By looking at similar problems (here for example) i supposed that the equation does have two solution $x_1$ e $x_2$ such as $f(x_1)=f(x_2)=0$
Then i computed $f'(x) = 3x^2-3$
How can i proceed now? Similar problems that i have seen proved the contradiction by showing that $f'(x)$ was stricly positive or negative
You are certainly in the right direction, we have to prove that the equation $x^3 - 3x + 4$ does not have 2 roots $\in [-1,1]$. Rolle's theorem is stated as : if $\exists$ 2 values of x (let a,b) such that f(a) = f(b) then $\exists$ some c $\in (a,b)$ such that f'(c) = $0$.
Now let us assume there are 2 or more roots of (let f(x) = )$x^3-3x+4 \in [-1,1]$. Let us say 2 of them are $\alpha \ \& \ \beta$ with $\alpha < \beta$.

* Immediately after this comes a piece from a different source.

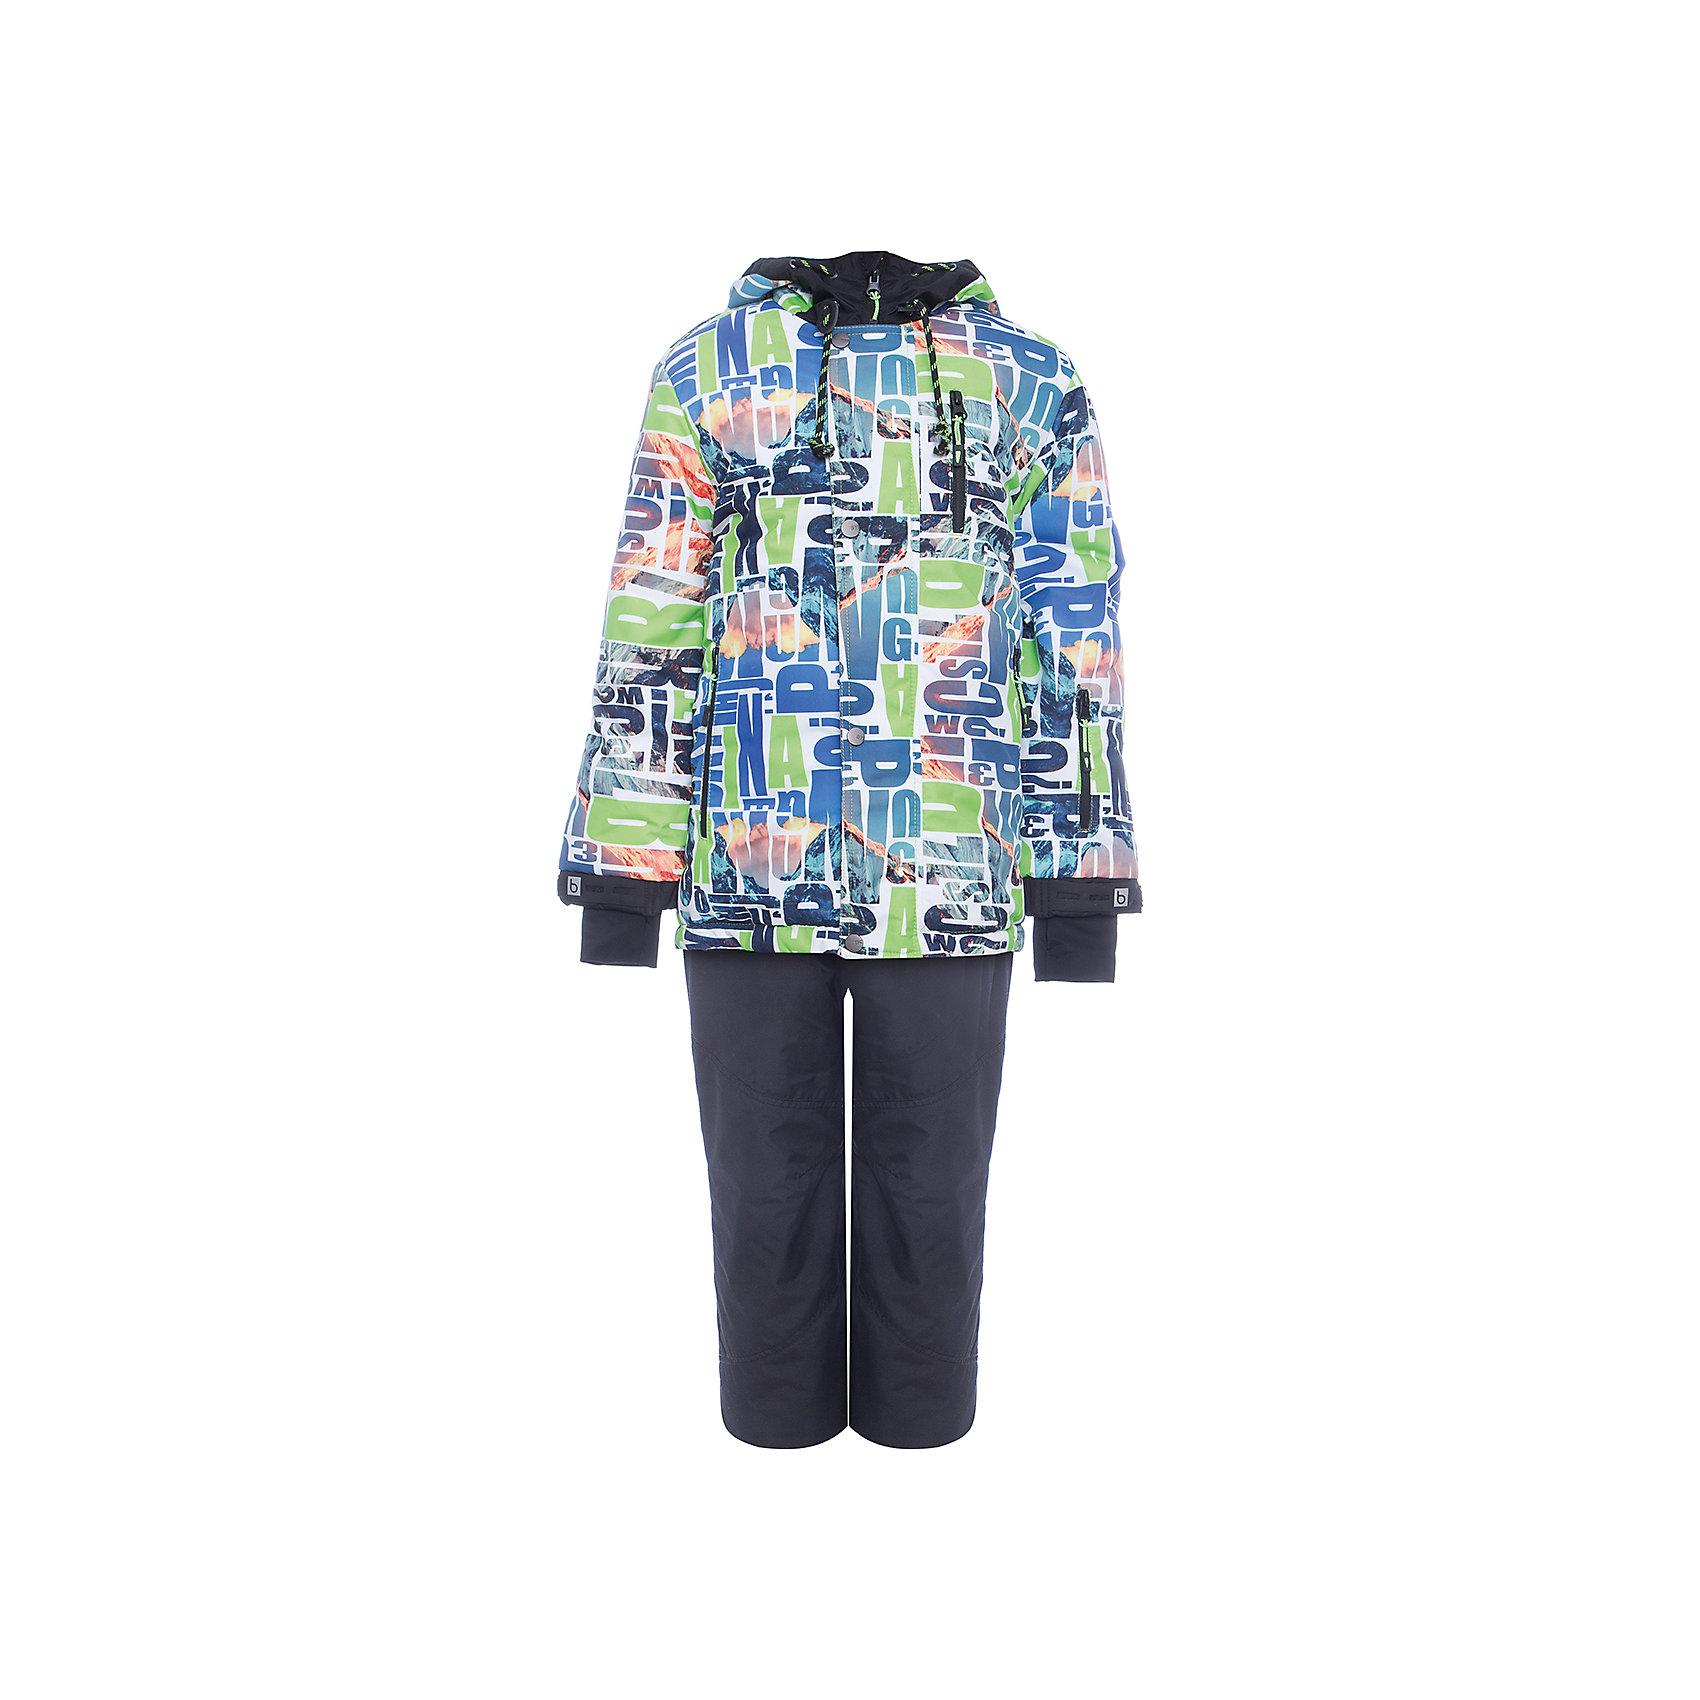 Комплект: куртка и полукомбенизон Коля Batik для мальчикаВерхняя одежда<br>Характеристики товара:<br><br>• цвет: лайм<br>• комплектация: куртка и полукомбинезон, горнолыжные очки<br>• состав ткани: таслан<br>• подкладка: поларфлис<br>• утеплитель: слайтекс<br>• сезон: зима<br>• мембранное покрытие<br>• температурный режим: от -35 до 0<br>• водонепроницаемость: 5000 мм <br>• паропроницаемость: 5000 г/м2<br>• плотность утеплителя: куртка - 350 г/м2, полукомбинезон - 200 г/м2<br>• застежка: молния<br>• капюшон: без меха, отстегивается<br>• встроенный термодатчик<br>• страна бренда: Россия<br>• страна изготовитель: Россия<br><br>Мембранное покрытие этого комплекта для мальчика не пропускает ветер и мороз. Мягкая подкладка детского комплекта для зимы обеспечивает высокий уровень комфорта. Это зимний комплект для мальчика дополнен удобными карманами и капюшоном. Зимний детский комплект защитит ребенка от попадания снега внутрь благодаря манжетам. <br><br>Комплект: куртка и полукомбинезон Коля Batik (Батик) для мальчика можно купить в нашем интернет-магазине.<br><br>Ширина мм: 356<br>Глубина мм: 10<br>Высота мм: 245<br>Вес г: 519<br>Цвет: зеленый<br>Возраст от месяцев: 144<br>Возраст до месяцев: 156<br>Пол: Мужской<br>Возраст: Детский<br>Размер: 158,128,134,140,146,152<br>SKU: 7028385

$\therefore f(\alpha) = f(\beta) = 0$.
As both $\alpha \ \& \ \beta \in [-1,1] \implies [\alpha, \beta] \subseteq [-1,1]$.

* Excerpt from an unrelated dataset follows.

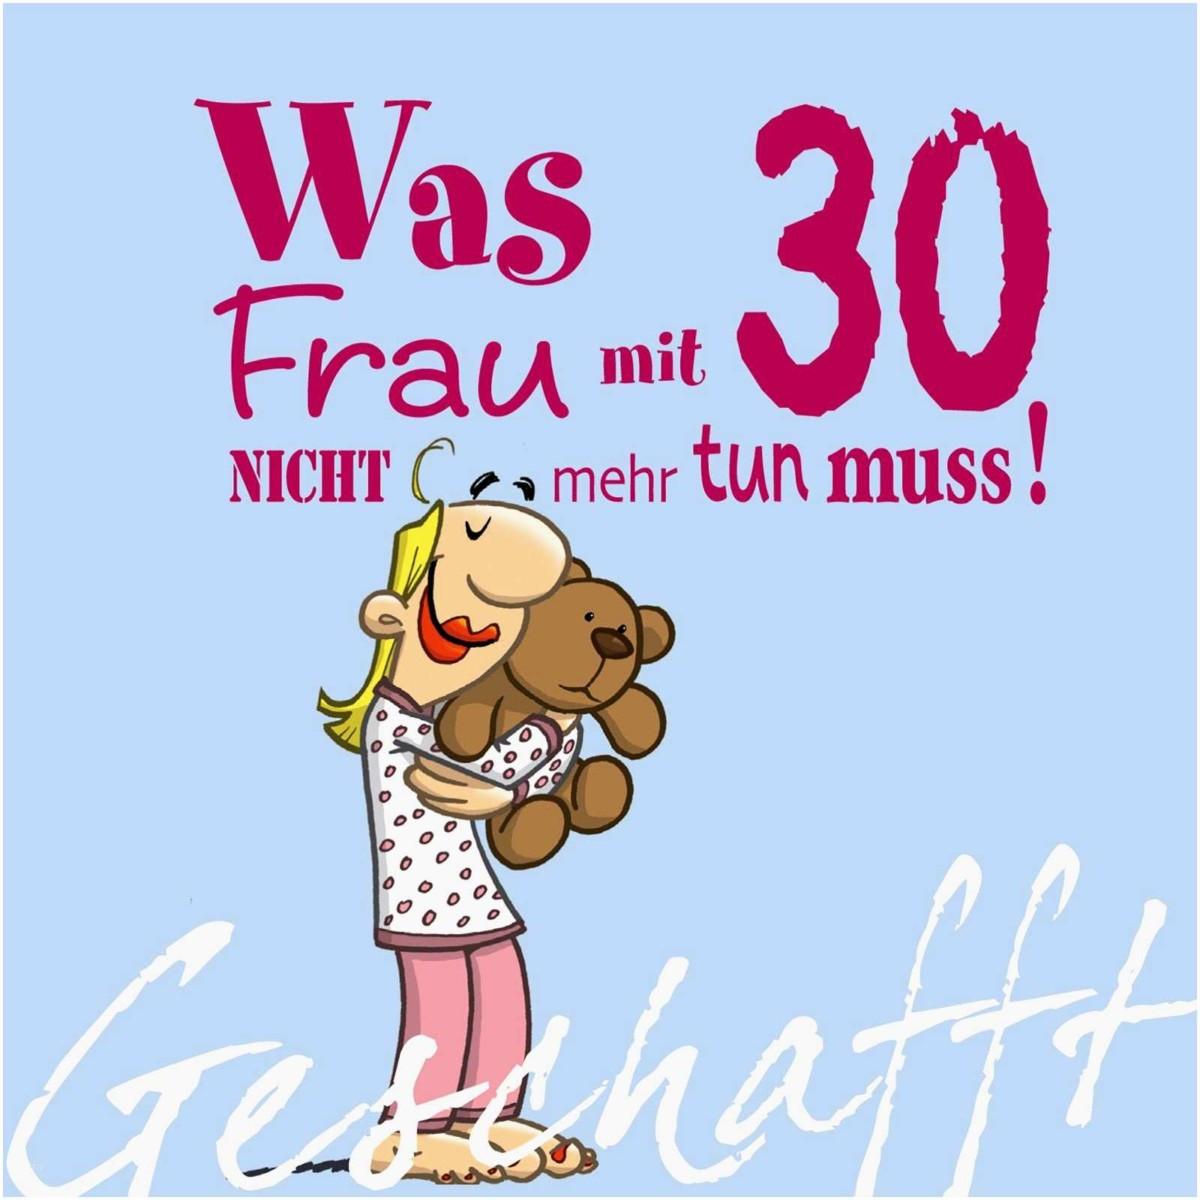 Geburtstagswünsche Frauen Lustig  geburtstag 30 frau spruch Fabelhaft Alles Gute Zum 30

Now using Rolle's theorem in $[\alpha, \beta]$ (as $f(\alpha) = f(\beta)$) we get $\exists$ some c $\in (\alpha, \beta)$ such that $f'(c) = 0$
You correctly calculated f'(x) to be $3x^2-3$.
Taking 3 common we get $f'(x) = 3(x^2-1)$. Factorising this, we get $f'(x) = 3(x-1)(x+1)$
But we know $(x-1)(x+1) \leq 0 \in [-1,1]$
So we find that f'(x) is only $0$ at boundary points of interval [-1,1] and for x $\in (-1,1)$ it is < $0$.
This is a contradiction to the above statement that $\exists$ some c $\in (-1,1)$ such that $f'(c) = 0$.
Thus not more than 1 root of f(x) exists in [-1,1].
Note :- x $\in (a,b) \implies x \in [a,b] - \{a,b\}$ i.e. x can be anything between but not including a and b.